At about 10-30 transactions per second, Ethereum is yet no match for Visa, which can handle 1,500+ transactions per second.

However, the upgrade to ETH 2.0 seeks to launch Ethereum into the realm of thousands of transactions per second so that applications can be faster and cheaper. That implies that Ethereum gas fees will drop too.


Security is imperative in this advanced tech era, especially as hackers and other infiltrators grow their skills to compromise just any network. A successful attack on Ethereum would be one of the biggest losses of the century.

More so, it will be a big blow to the network's security system. As more users adopt Ethereum, it becomes a potential target for attack. The network has to be more secure than ever, and that’s part of what the Ethereum 2.0 upgrade will address.


Cryptocurrency mining and transaction processing have contributed considerably to humanity's carbon footprint. Ethereum and Bitcoin mining operations consume more energy than the Thai population of about 90 million people, according to the Ethereum Energy Consumption Index from Digiconomost.

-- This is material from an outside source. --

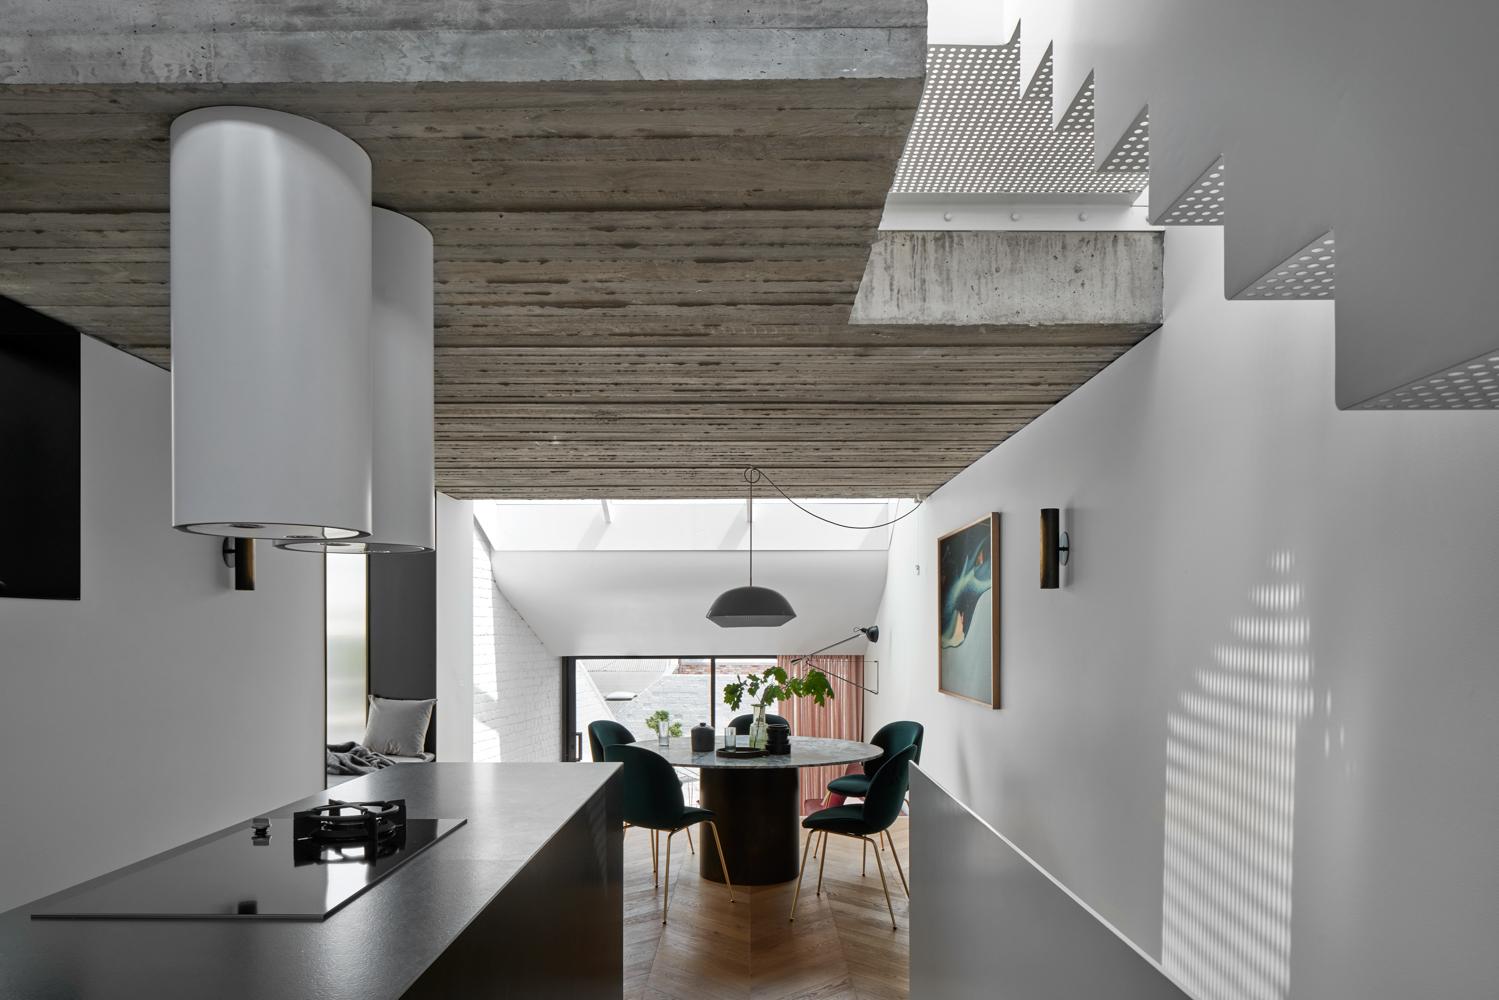 Home concrete interior

Ethereum 2.0 comes to replace the PoW (proof-of-work) with the PoS (proof-of-stake) consensus mechanism, which means there would be no need for mining on the network. According to Vitalik Buterin, Ethereum's co-founder, Ethereum's sustainability vision is to diminish the network’s energy consumption by a factor of above 1,000 using PoS.


Scalability, security and sustainability are some of the most significant concerns of today's biggest blockchain platforms. With its ETH 2.0 upgrades, the Ethereum network stands up to the grueling drawbacks. Hopefully, we should see a more scalable, secure and sustainable Ethereum before 2023.

Without a doubt, we expect projects like Popcorn to dominate the center stage due to the carbon-neutral ecosystem it’s building. That way, we get more from DeFi generally, without harming the environment or paying heavy energy costs.